The written notice must include a) the reason for the transfer or discharge, b) the effective date of the transfer or discharge, c) the location to which the resident is transferred or discharged; and d) a statement that the resident has the right to appeal the action to the state. The notice must also include the name, address, and telephone number of the State Long-Term Care Ombudsman. For nursing home residents with developmental disabilities or mental illness, the notice must include the mailing address and telephone number of the Department for Rights of Virginians with Disabilities.

A nursing home must provide sufficient preparation and orientation to residents to ensure a safe and orderly transfer or discharge from the nursing home. In addition, the nursing  home must assist the resident and his or her family in locating and coordinating the services needed for a smooth transition. Residents and their families and legal representatives have the right to choose their own service providers.

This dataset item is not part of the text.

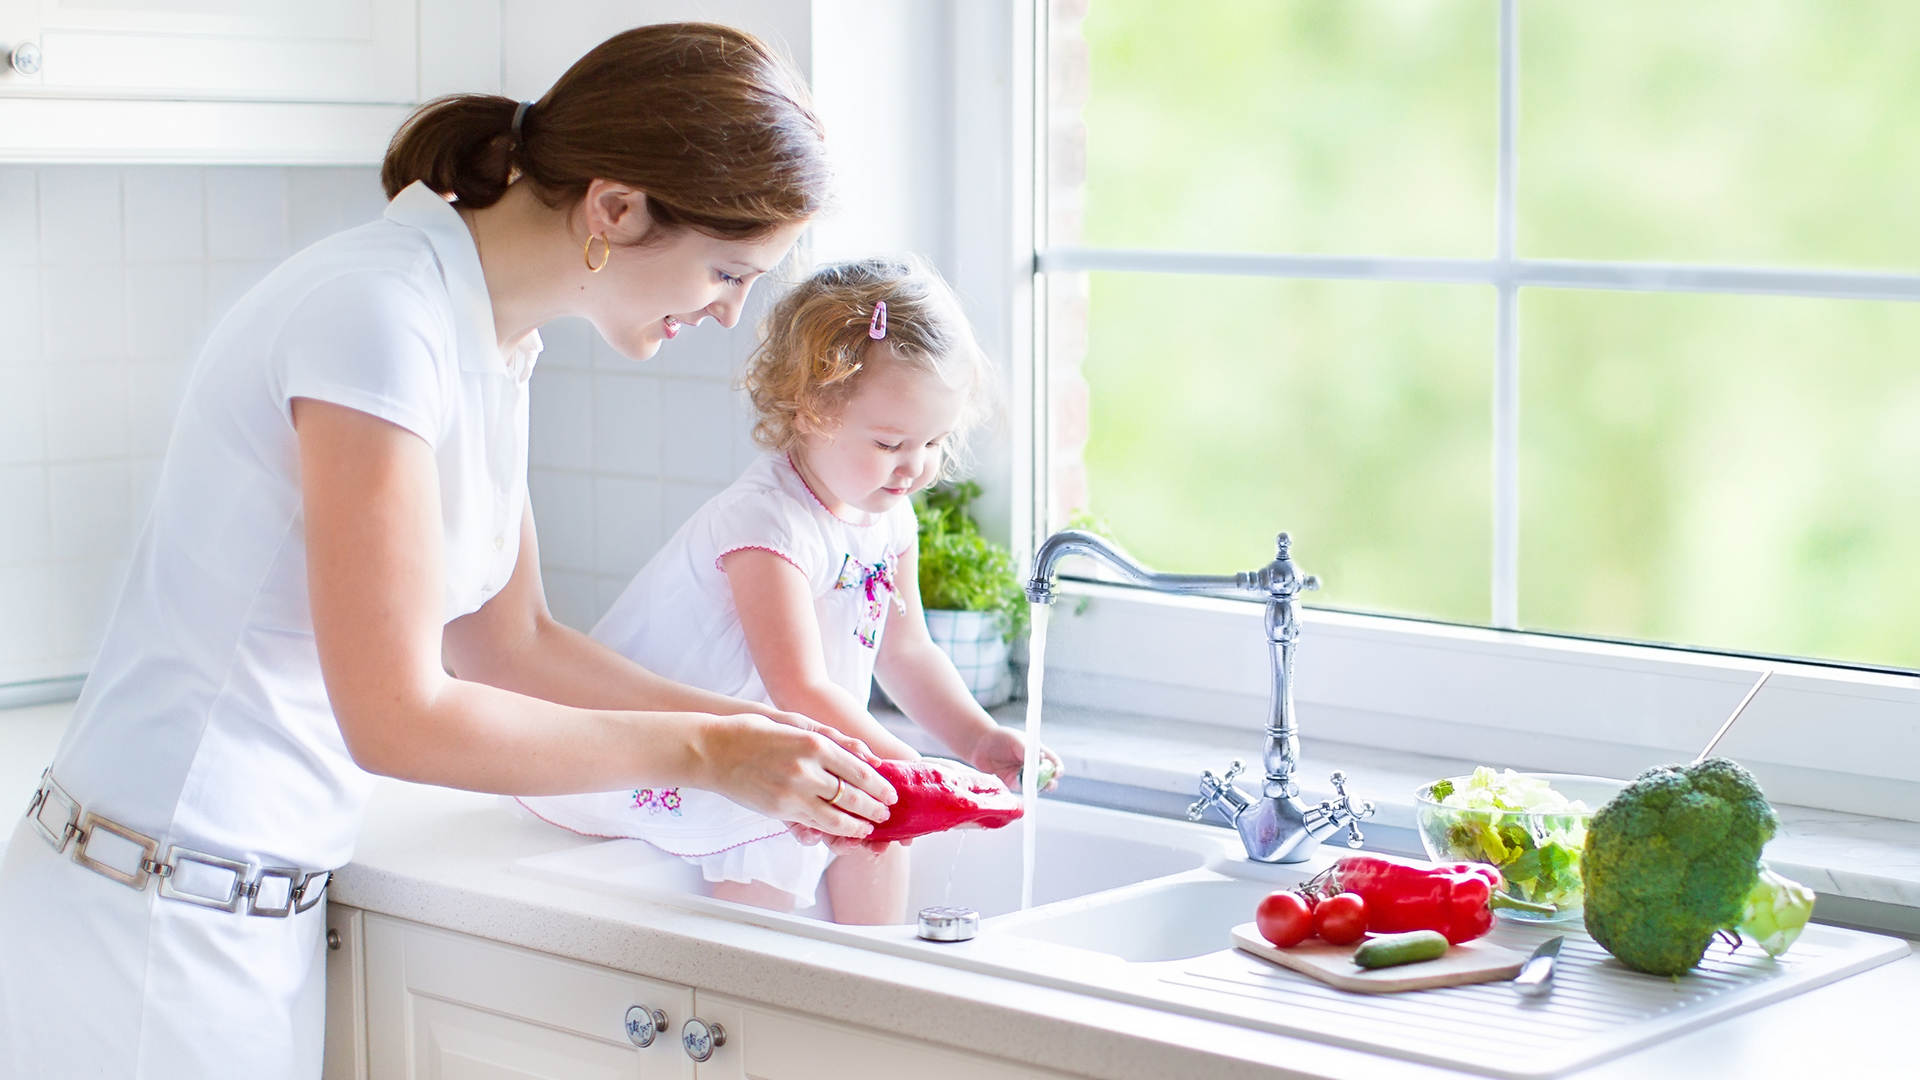 A Comprehensive Range Of Plumbing Services

In addition to the federal requirements above regarding transfer and discharge, nursing home should also note the requirements of subsection B of §32.1-138 of the Code of Virginia:

    • All established policies and procedures regarding the rights and responsibilities of patients shall be printed in at least twelve-point type and posted conspicuously in a public place in all nursing home facilities required to be licensed under the provisions of Article 1 (§ 32.1-123 et seq.) of this chapter. These policies and procedures shall include the name and telephone number of the complaint coordinator in the Division of Licensure and Certification of the Virginia Department of Health as well as the toll-free number for the Virginia Long-Term Care Ombudsman Program and any substate ombudsman program serving the area. Copies of such policies and procedures shall be given to patients upon admittance to the facility and made available to patients currently in residence, to any guardians, next of kin, or sponsoring agency or agencies, and to the public.
 

Per § 32.1-138.1 of the Code of Virginia, a nursing home may discharge or transfer a patient, including transfer within the nursing home, only: (1) if appropriate to meet that patient's documented medical needs; (2) if appropriate to safeguard that patient or one or more other patients from physical or emotional injury; or (3) On account of nonpayment for his or her stay except as prohibited by Title XVIII or XIX of the Social Security Act and the Virginia State Plan for Medical Assistance Services.

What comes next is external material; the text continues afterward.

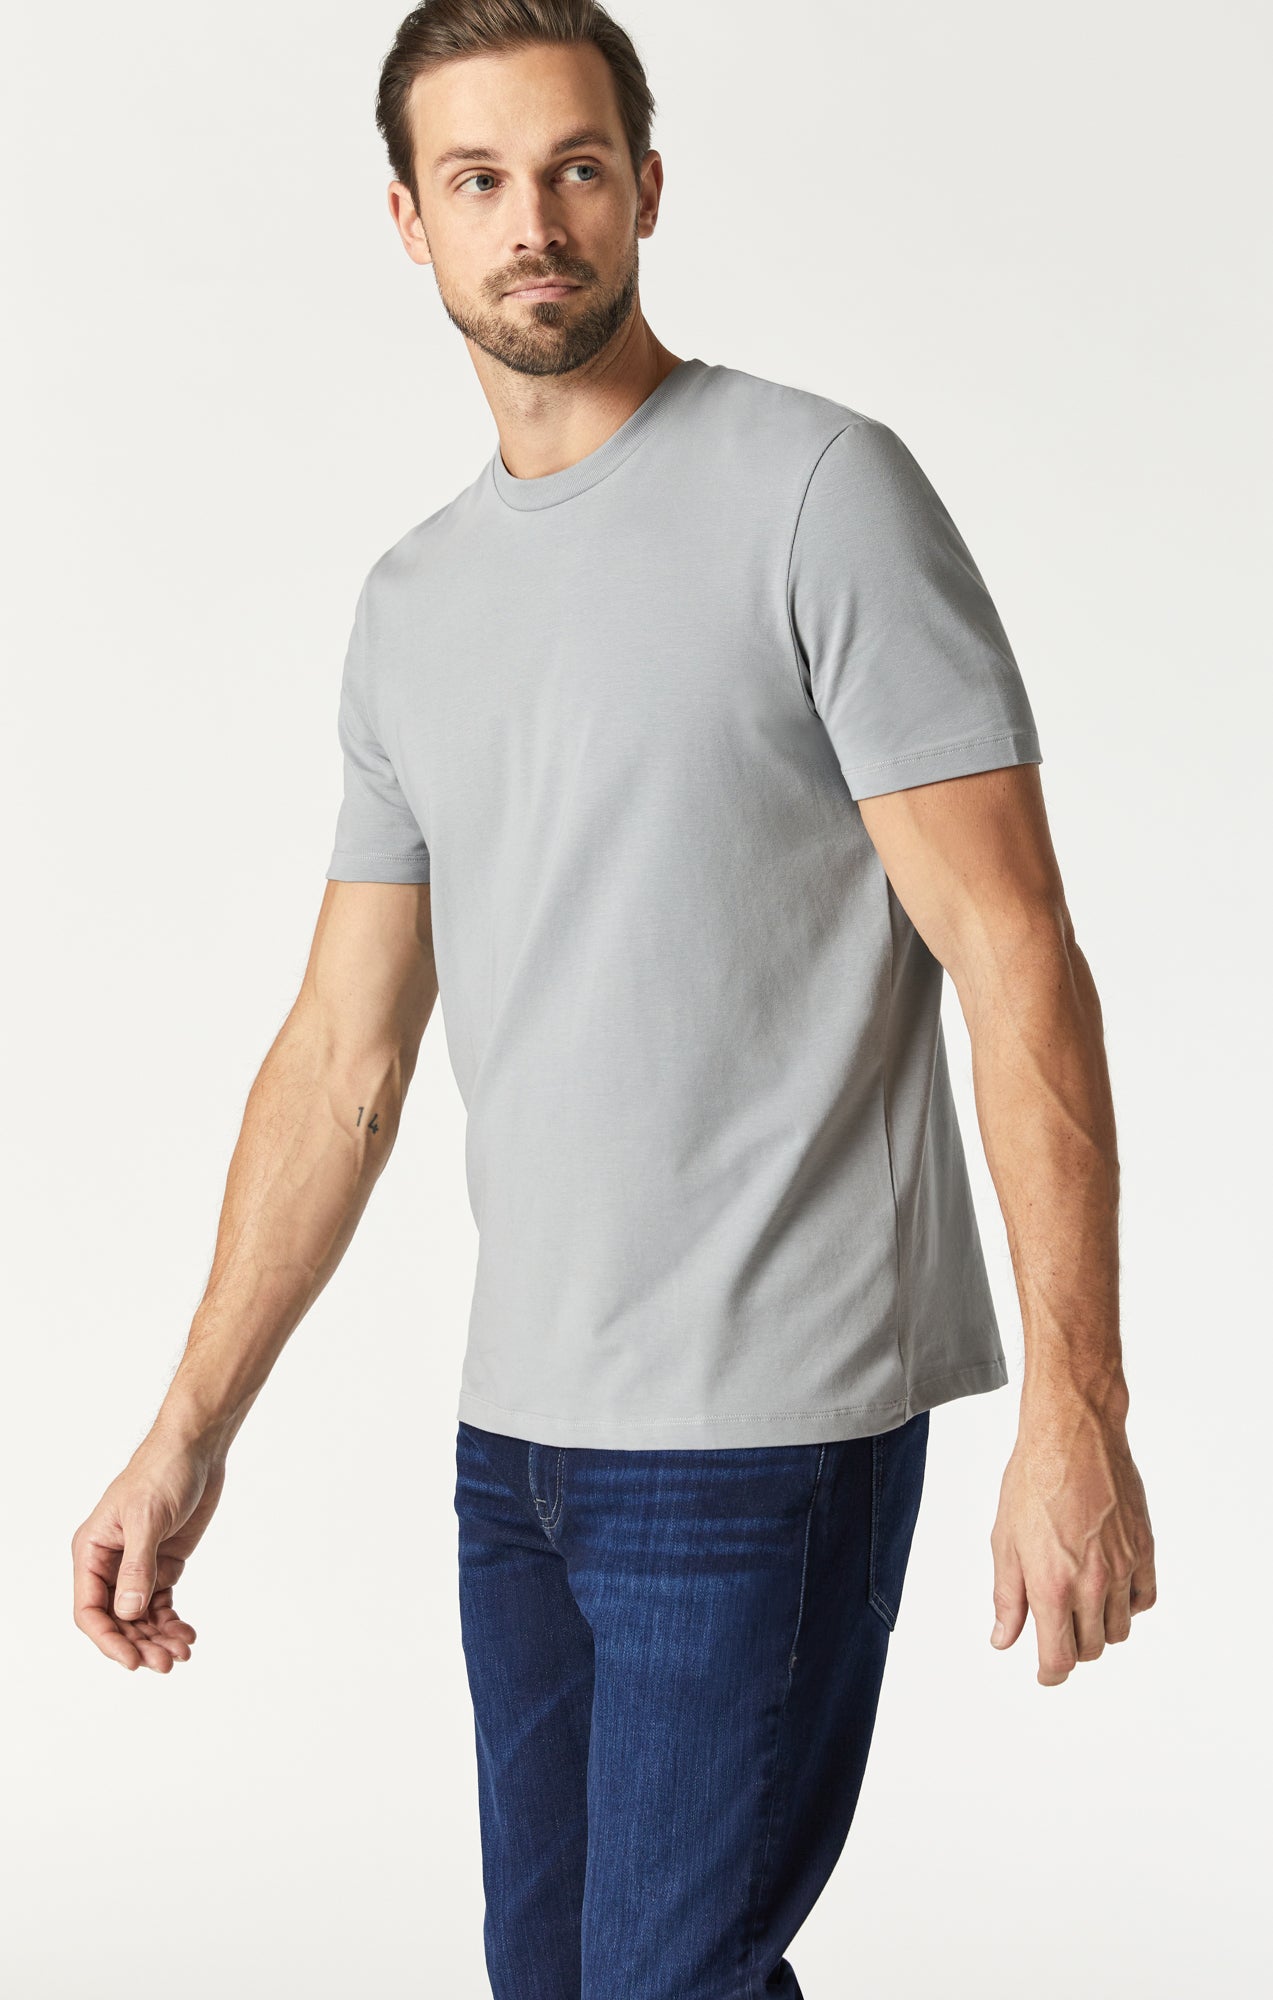 YUHAOTIN 4/July T-Shirts for Men Cotton Without Sleeves Mens

Except in an emergency involving the resident's health or well-being, no resident shall be transferred, including transfer within the nursing home, or discharged without prior consultation with the patient, the patient's family or responsible party, and the patient's attending physician. If the attending physician is unavailable, the nursing home's medical director, in conjunction with the nursing director, social worker, or another health professional, must be consulted. Reasonable advance written notice must be given in the following manner. For a voluntary transfer or discharge, notice must be reasonable under the circumstances. For an involuntary transfer, including a transfer within the nursing home, reasonable advance notice must be given to the patient at least five days prior to the transfer.

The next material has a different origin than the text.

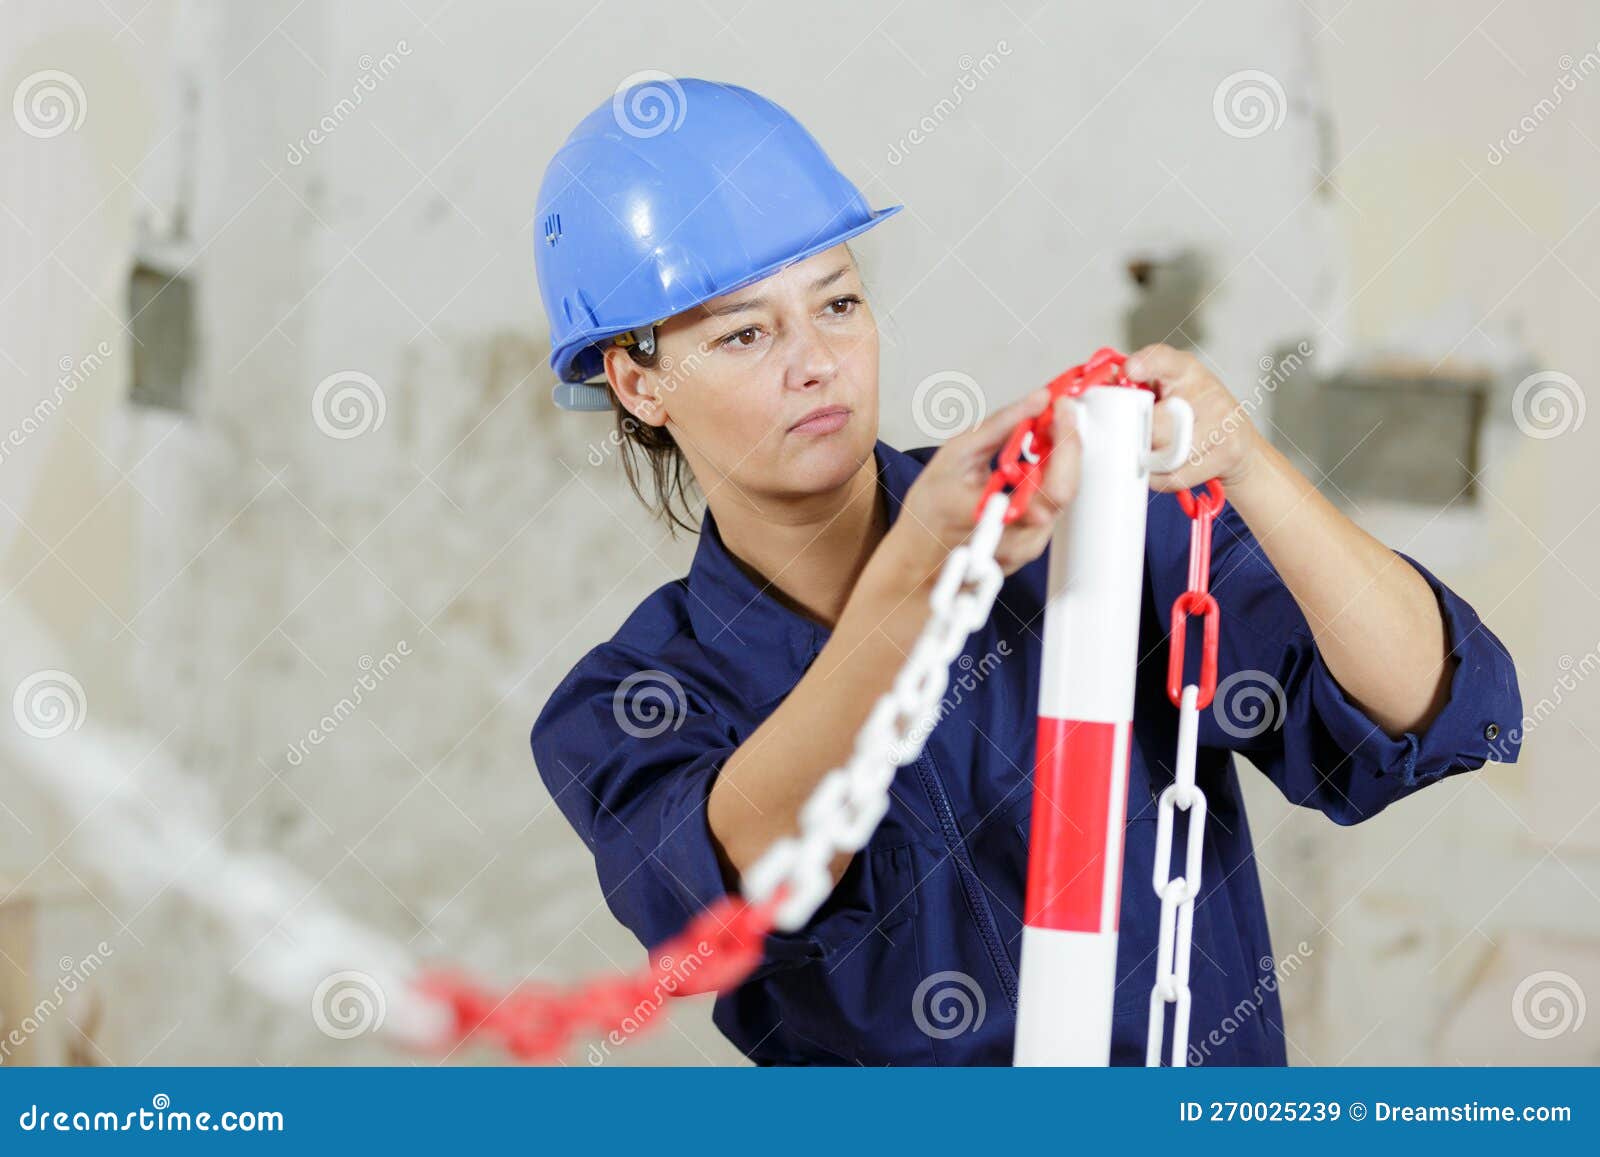 concentrated civil engineer at work

In the case of an involuntary transfer or discharge, the attending physician of the patient or the medical director of the nursing home shall make a written notation in the patient's record approving the transfer or discharge after consideration of the effects of the transfer (including a transfer within the nursing home) or discharge, appropriate actions to minimize the effects of the transfer or discharge, and the care and kind of service the patient needs upon transfer or discharge.

 

Notice of Bed-Hold Policy and Readmission

Before a nursing home transfers a resident to a hospital or allows a resident to go on therapeutic leave, the nursing home must provide written information to the resident and a family member or legal representative that specifies: 1) the duration of the bed-hold policy under the State Plan for Medical Assistance, if any, during which the resident is permitted to return and resume residence in the facility; and 2) the facility's policies regarding bed-hold periods following hospitalization or therapeutic leave, permitting a resident to return.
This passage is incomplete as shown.